PROMPT: When you transcribe the listing that follows, keep every line exact and omit the pictures.
====== DATASET EXTRACT ======
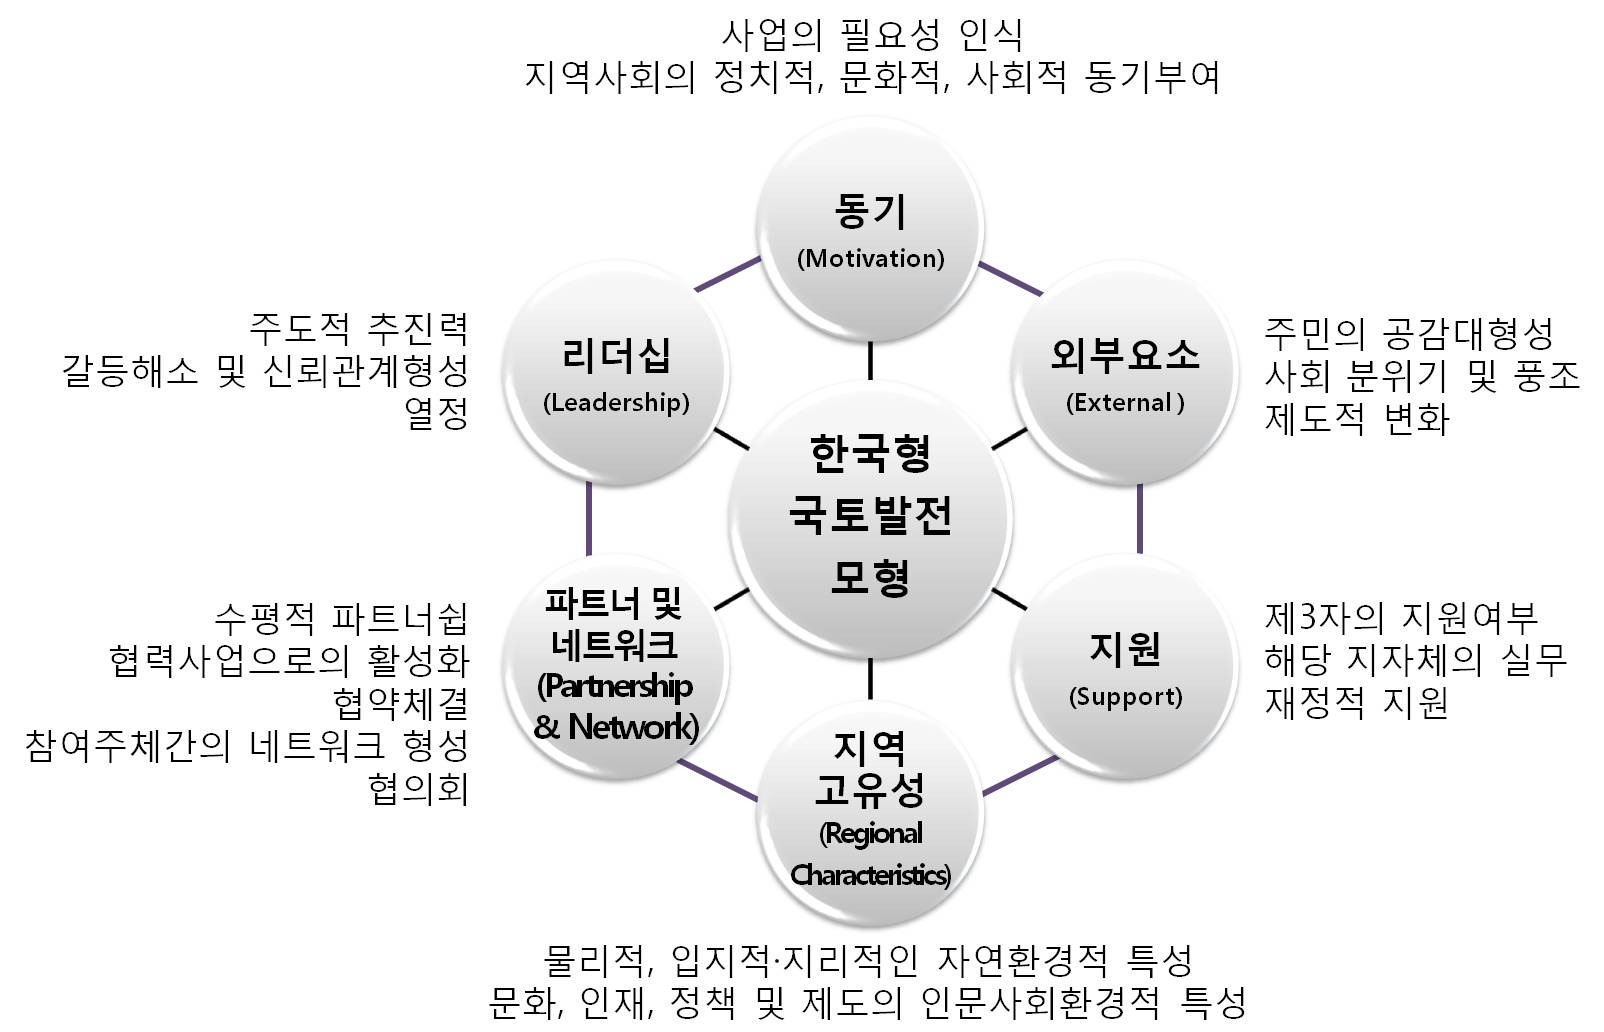 한국형 국토발전모형 실천을 위한 핵심요소
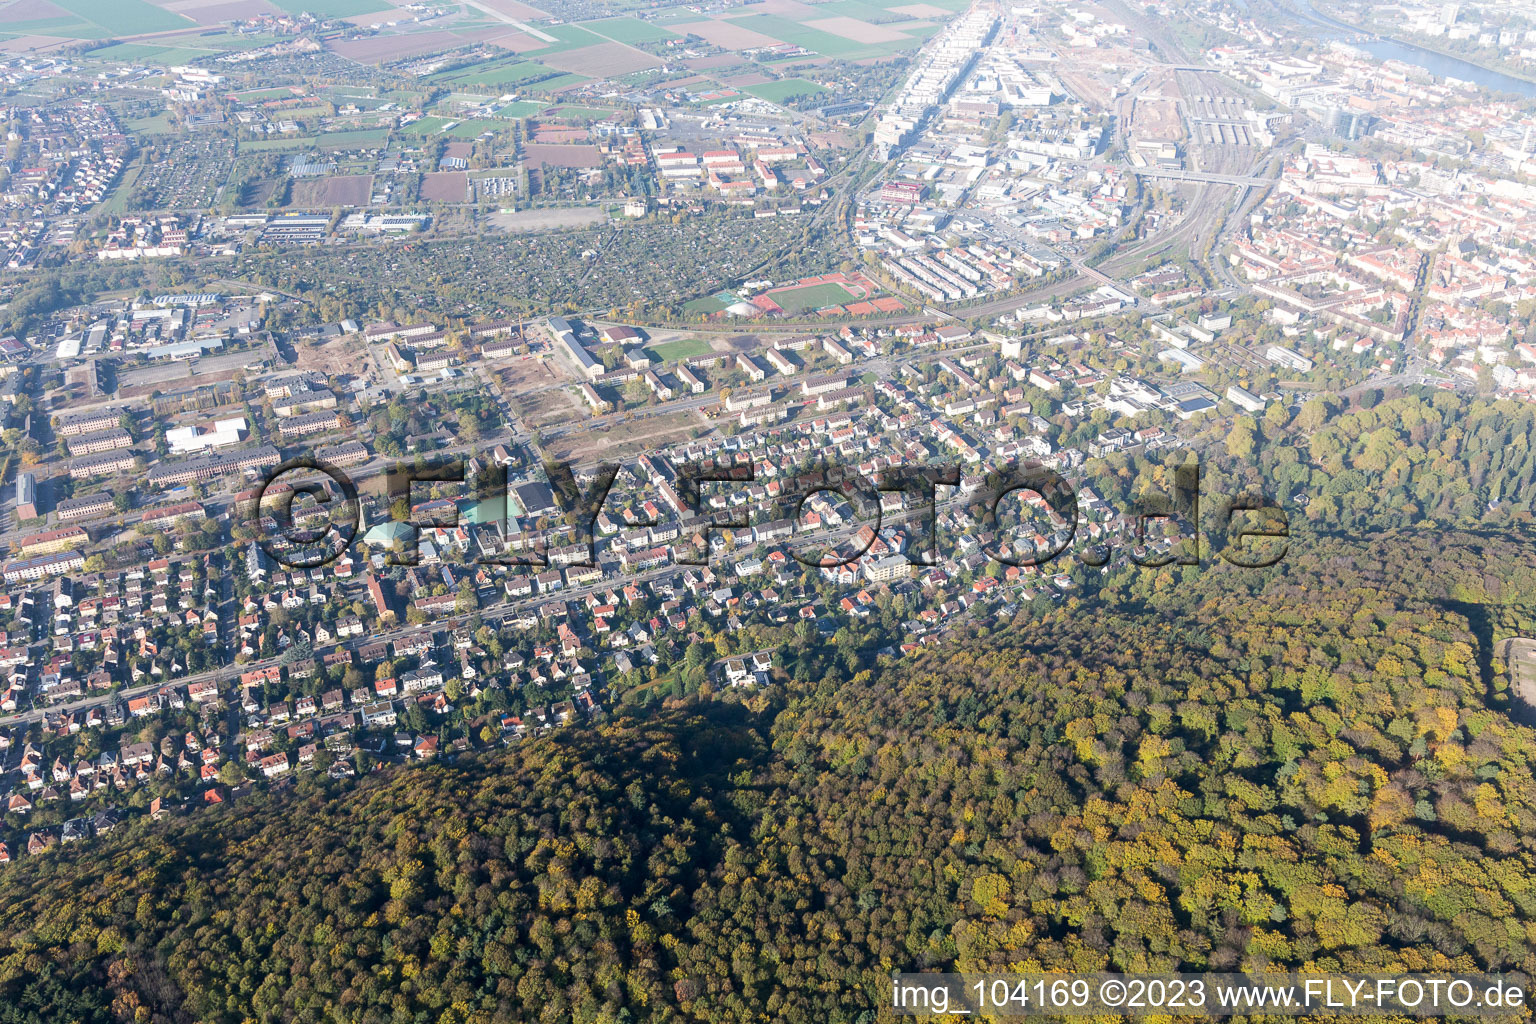 Luftbild von Ortsteil Südstadt in Heidelberg im Bundesland Baden-Württemberg, Deutschland
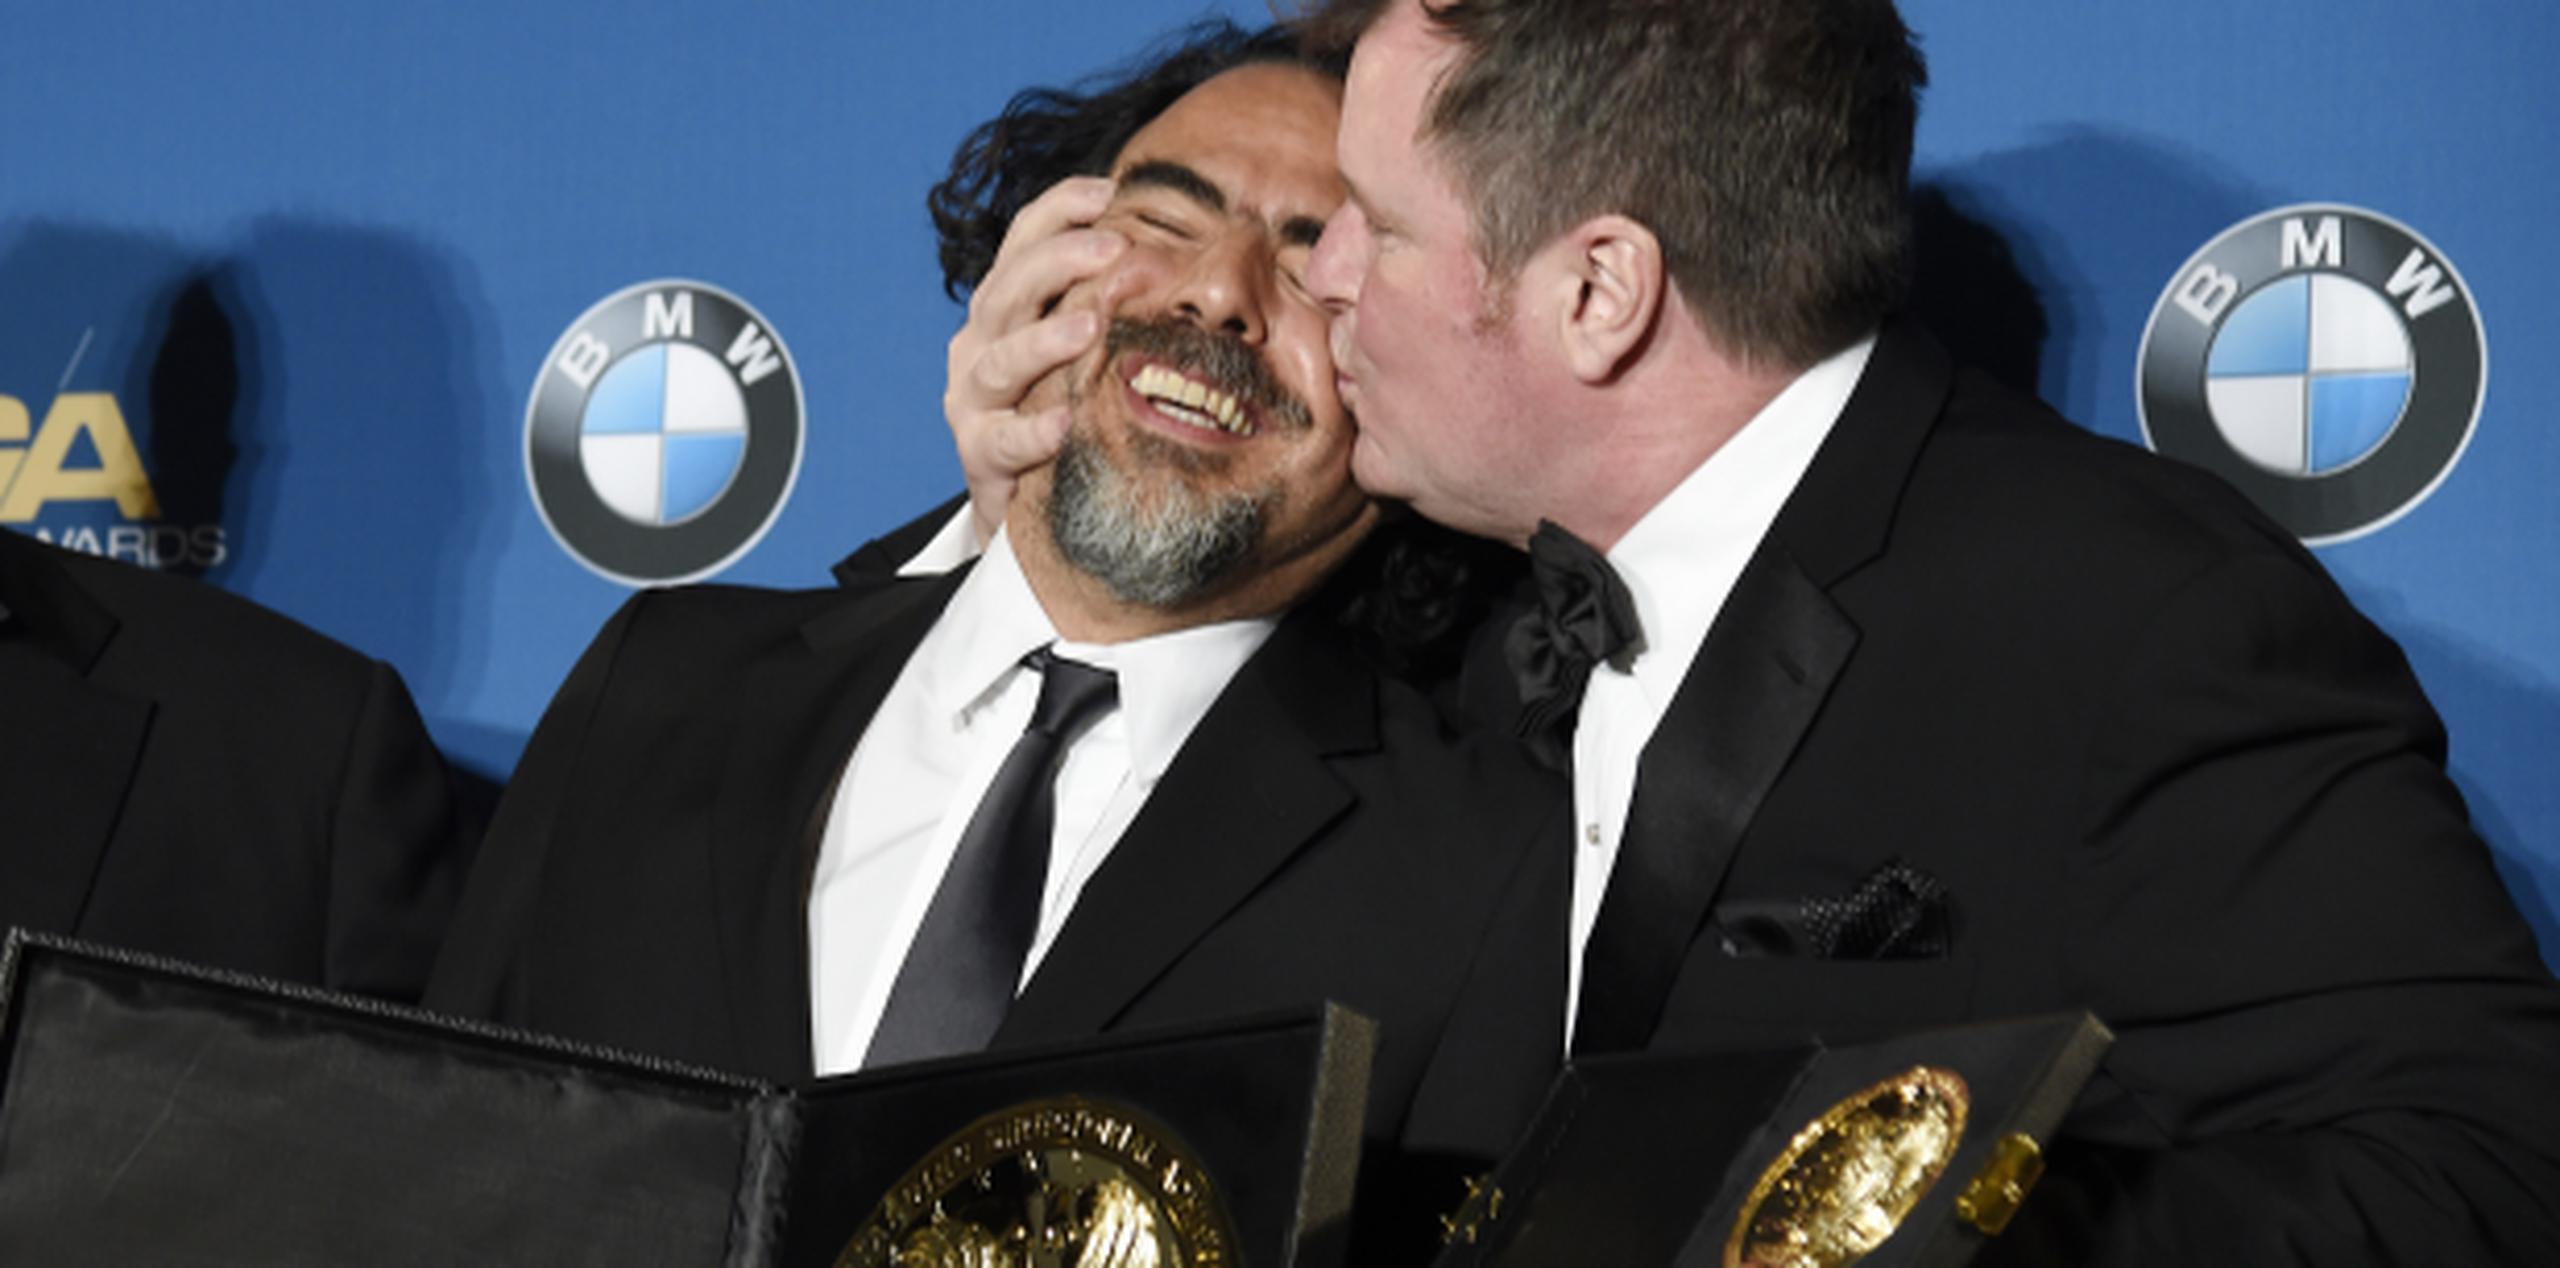 González Iñarritu recibe un beso del productor James Skotchdopole tras ganar otro premio por The Revenant, esta vez del gremio de directores. (AP)
======
EXERCISE SOLUTION:
 한국형 국토발전모형 실천을 위한 핵심요소
 Luftbild von Ortsteil Südstadt in Heidelberg im Bundesland Baden-Württemberg, Deutschland
 González Iñarritu recibe un beso del productor James Skotchdopole tras ganar otro premio por The Revenant, esta vez del gremio de directores. (AP)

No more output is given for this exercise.